# r2 4-cycle (big cubes)



## Kenneth (Sep 22, 2008)

Found a short a nice alg to do a r-turn but moving only centres (double 4-cycle) or, more useful, moving edges (single 4-cycle). Like this:

F2 M' 4x(r U2) l F2
F2 M' 4x(l' U2) r' F2 ... mirror, easiest is to use y2 to do all four.

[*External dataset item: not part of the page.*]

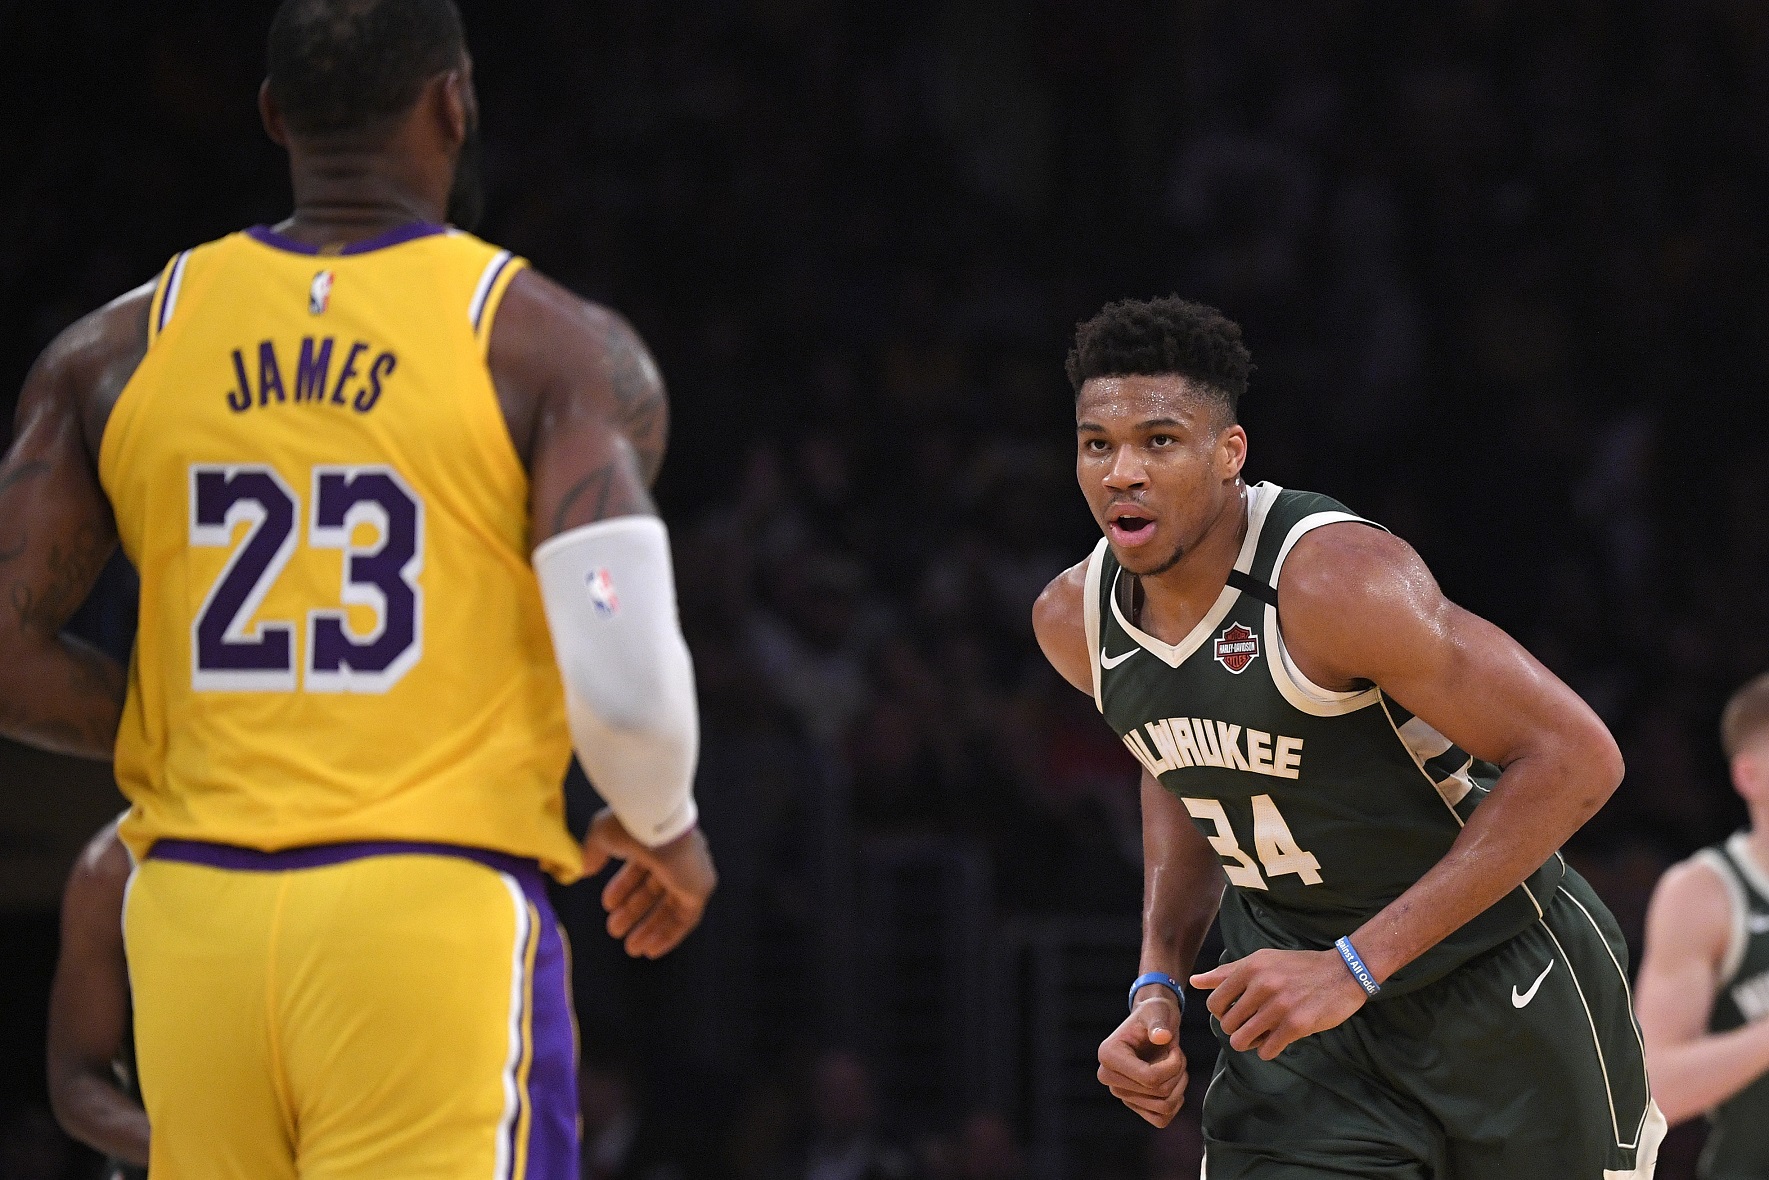 Back to work: Bucks, Lakers again try to get to second round

To move centres instead of edges you only need to add an r or and l in the end, (pretty obvious if you do the alg on a solved cube and then look at it =)


----------



## Lucas Garron (Sep 22, 2008)

U2 r U2 r U2 r U2 r U2 r U2 ?
Also, why call this r2?


----------



## mrCage (Sep 22, 2008)

Kenneth said:


> Found a short a nice alg to do a r-turn but moving only centres (double 4-cycle) or, more useful, moving edges (single 4-cycle). Like this:
> 
> F2 M' 4x(r U2) l F2
> F2 M' 4x(l' U2) r' F2 ... mirror, easiest is to use y2 to do all four.
> ...


 
Hi 

Chris Hardwick found this about 4 yrs ago. Nothing new

Per


----------



## Kenneth (Sep 22, 2008)

Aha, but for most people it probably is.

Lucas, because it solves parity for the r2 style = does a r or a r' to the slice you use but only for edges so you break multiple 2-cycles into new ones or watever, it must be useful somehow


----------